Monday, September 24, 2012

White ceilings

Yesterday I spent  an hour lying on the floor, staring at the ceiling. It's strange how time seems to slow down when your thoughts are picking at your heart, like tiny nail clippers with their awful snapping sounds.

Yet, the whiteness of the ceiling was soothing. Those rolling waves of white nothingness numb the throbbing pain in my mind and my heart. Although watching the sky would have been much better, I was unable, incapable or unwilling to go outside. My house is my refuge. It was all I had left after losing the war three years ago. From the rubble I built this bunker, from the bunker I grew a home. My house is my refuge, I storm it alone.

At this very moment I wish I was back there, lying on the floor and thinking about nothing at all. Because all I can think of right now is you, you and the smile I robbed from your face. Nothing made me happier than making you happy, making you smile, watching that glimmer in your eyes.

A crude awakening like an icy shower in January, just as you start to pry open the right eyelid that always seems to take longer than the left. The water's got me shivering and panting but I can't help myself, I was suffocating in the warmth of your embrace.

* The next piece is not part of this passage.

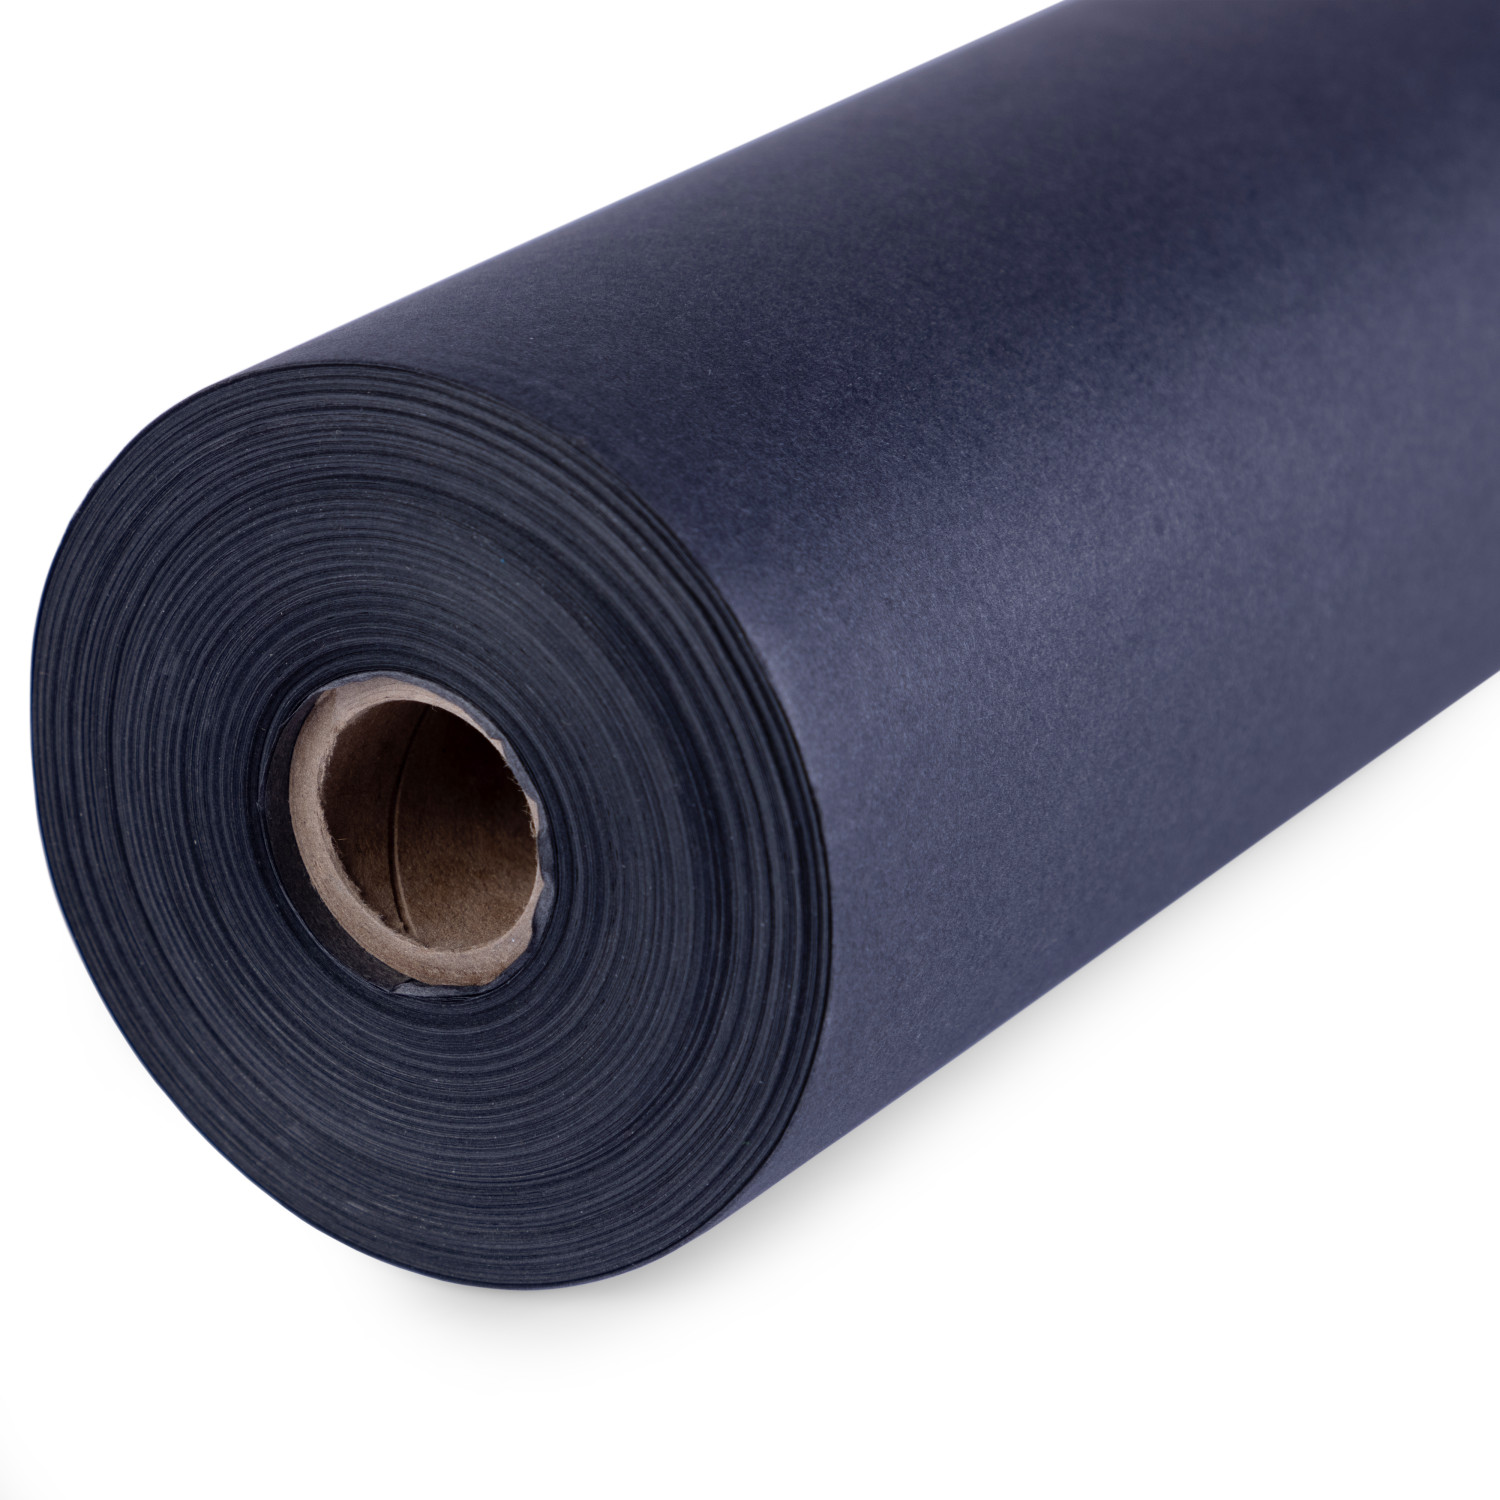 Black Kraft Arts and Crafts Paper Roll - 12 inches by 150 Feet

And so tonight I know where I'll be, back on that floor, staring at the ceiling and feeling the aberrant purge of your kisses and your tenderness. No war this time, just a pinnacle of surrender where nobody wins. No prisoners of war, just two casualties. Just... defeat.


1 comment:

Giselle said...

I loved it....I felt identified, how sometimes the most simple things such as a white ceiling, give you the biggest comfort and peace, thank you.